→ Goal of the exercise
Output the listing word for word, minus pictures.

*** Opening of Dataset section ***

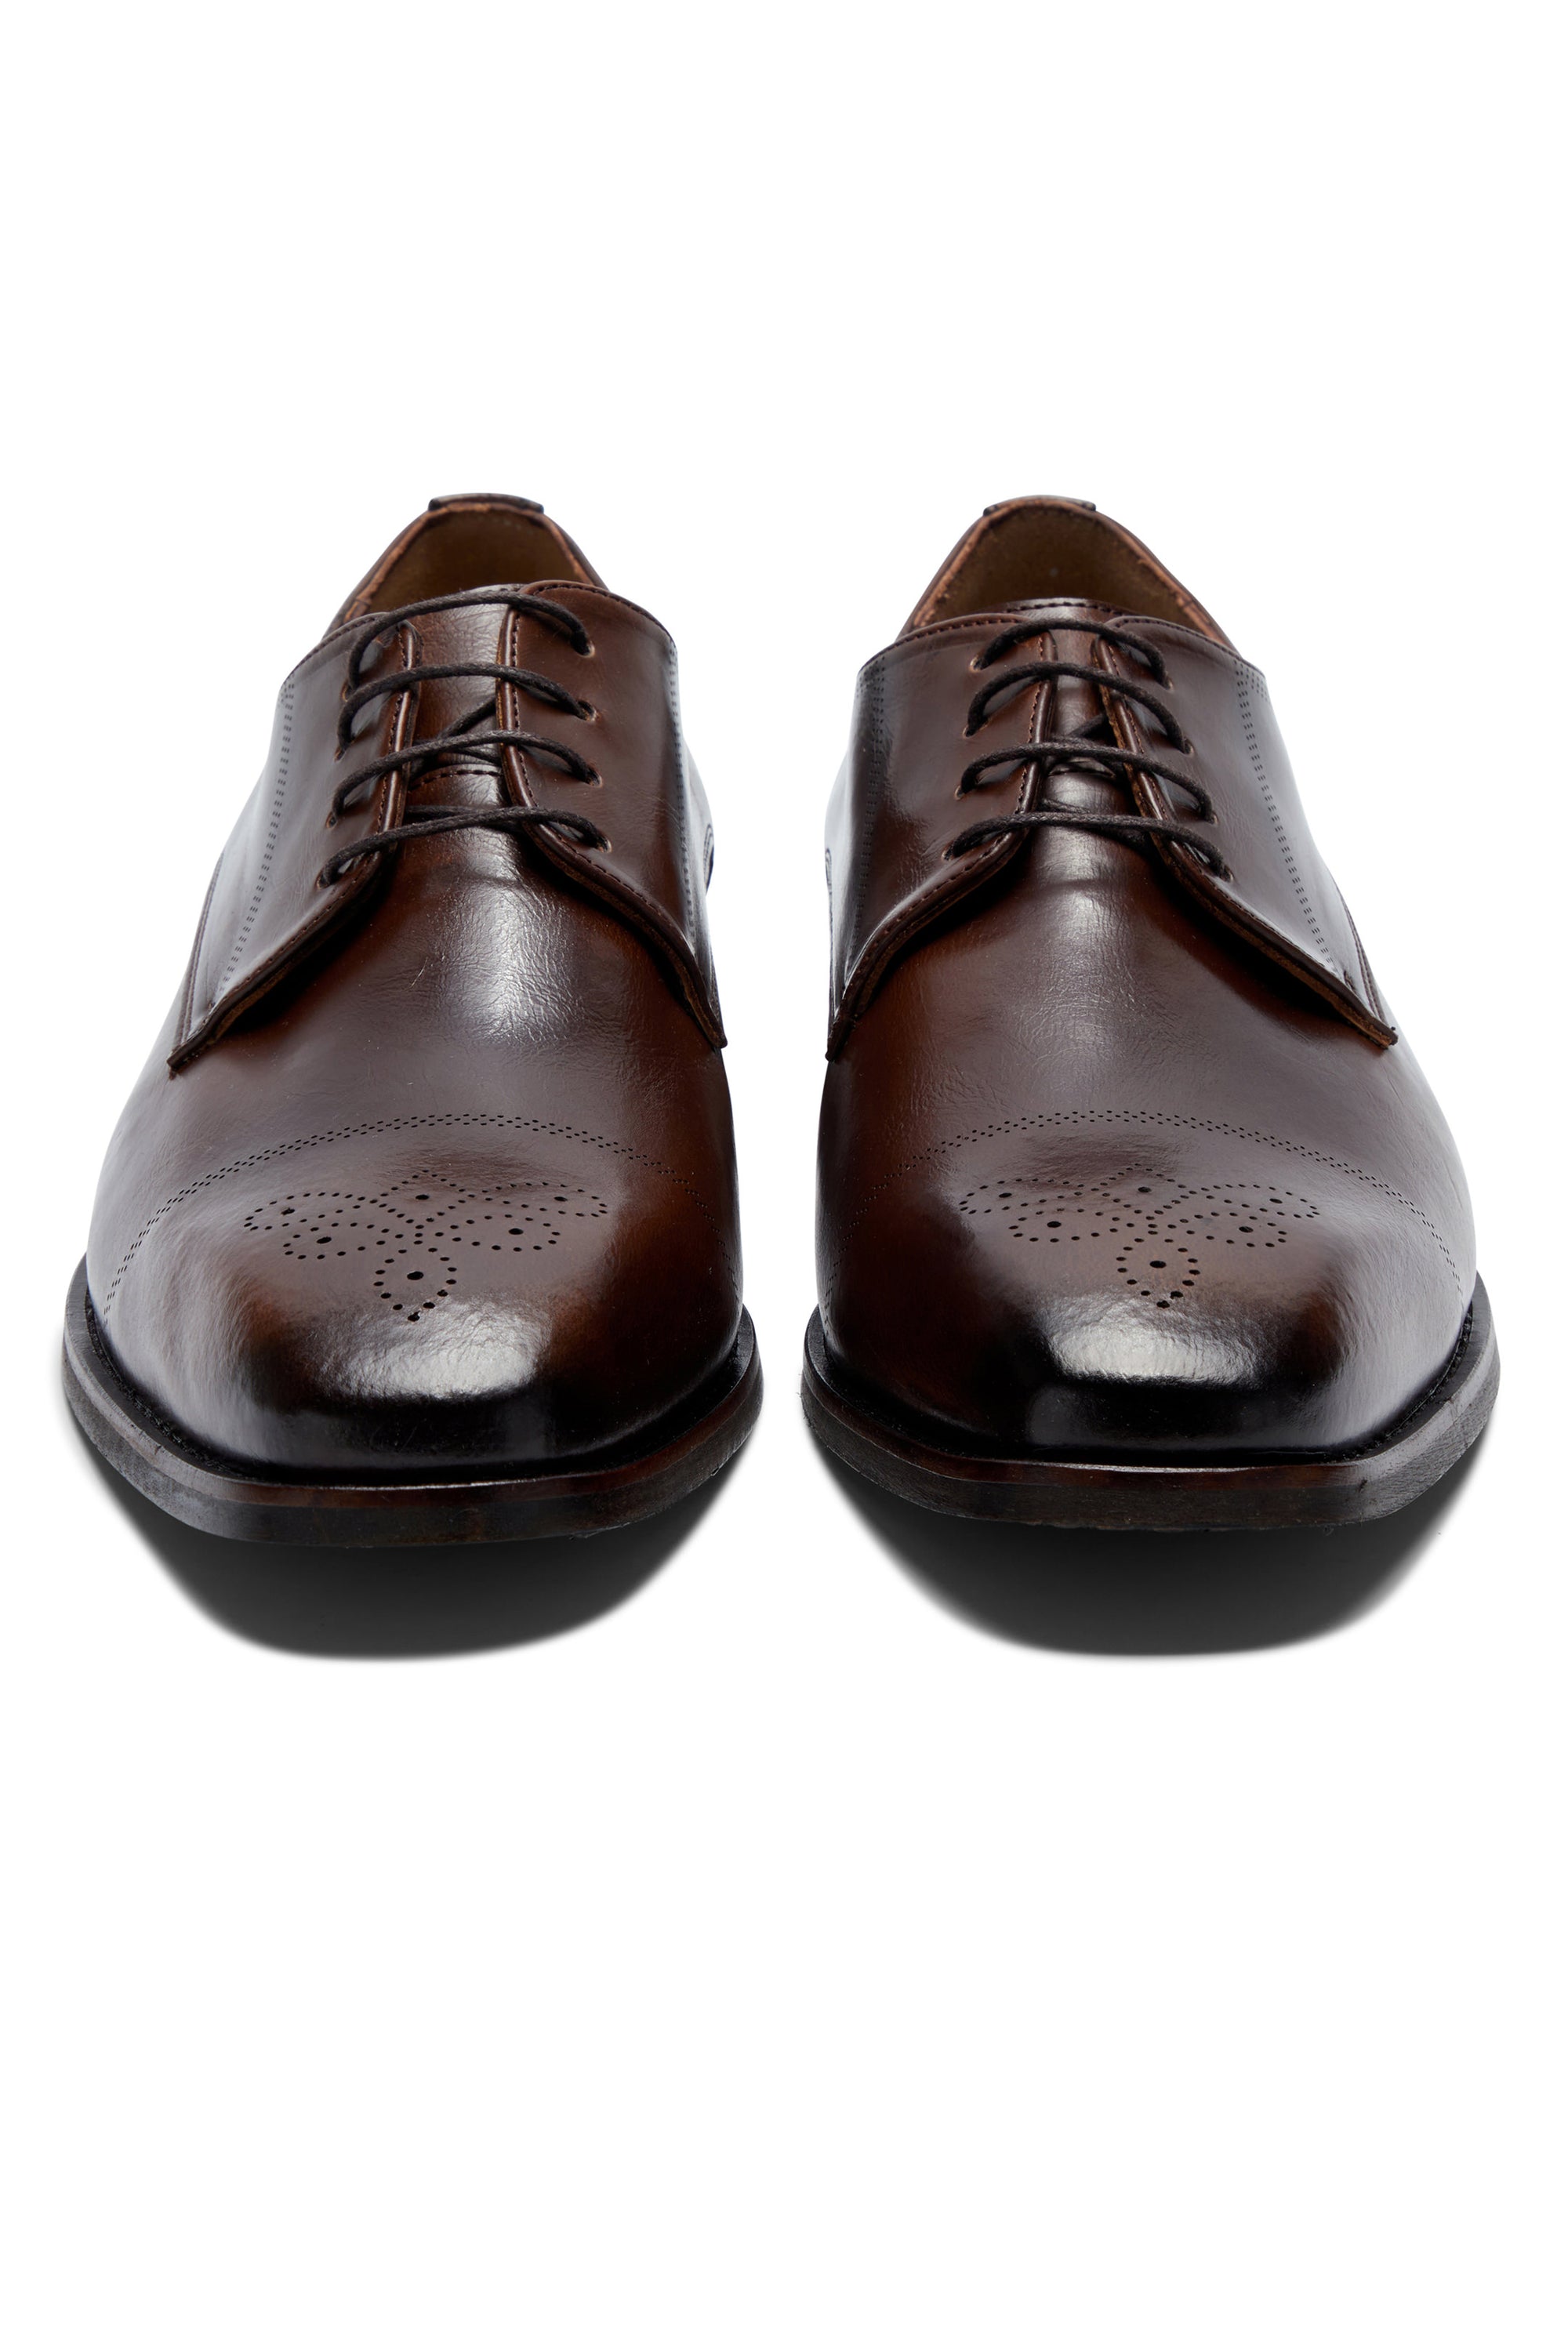 Louis Cognac Formal Mens Shoe
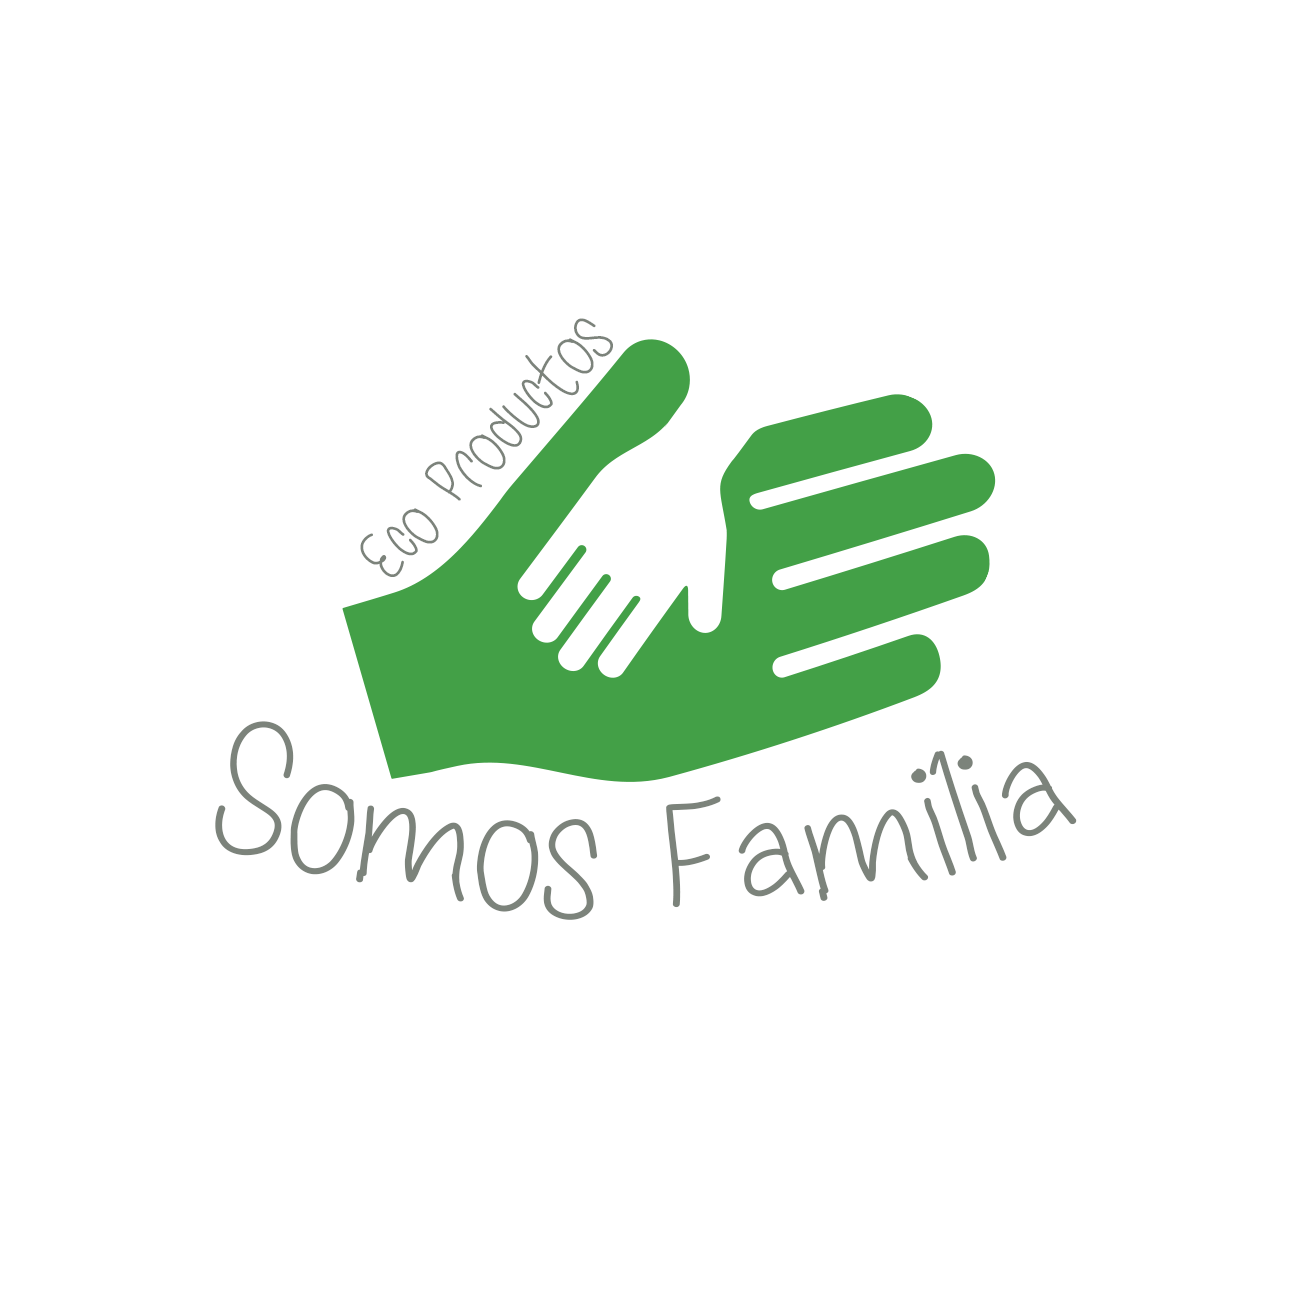 SOMOSFAMILIA ONG
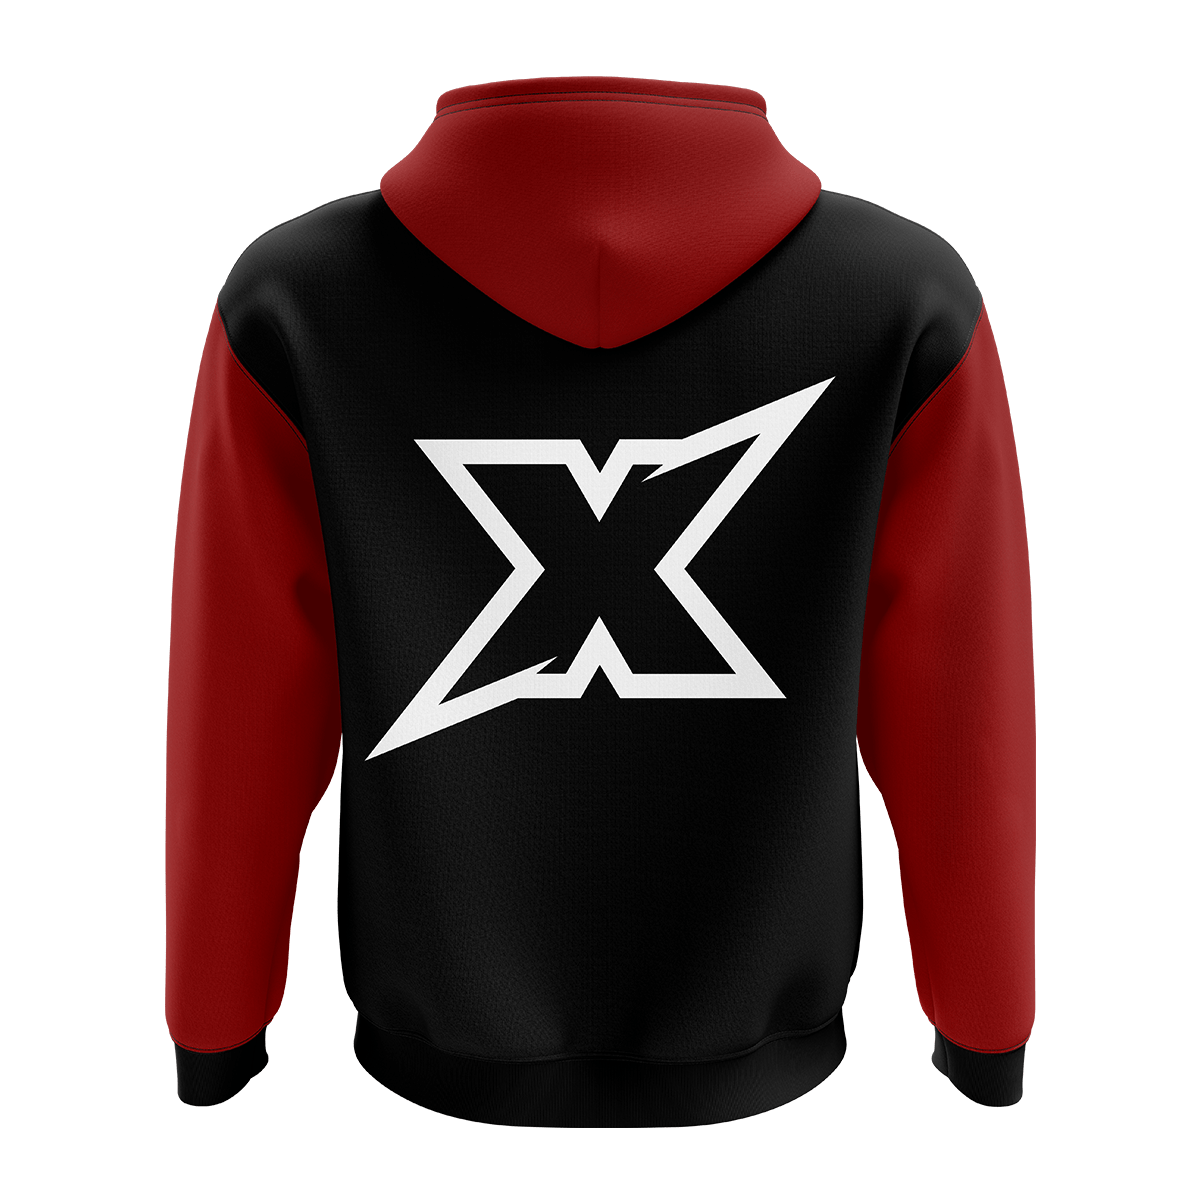 XFIGHTERS - Crew Zipper 2021

*** Close of Dataset section ***

→ Result for this task
 Louis Cognac Formal Mens Shoe
 SOMOSFAMILIA ONG
 XFIGHTERS - Crew Zipper 2021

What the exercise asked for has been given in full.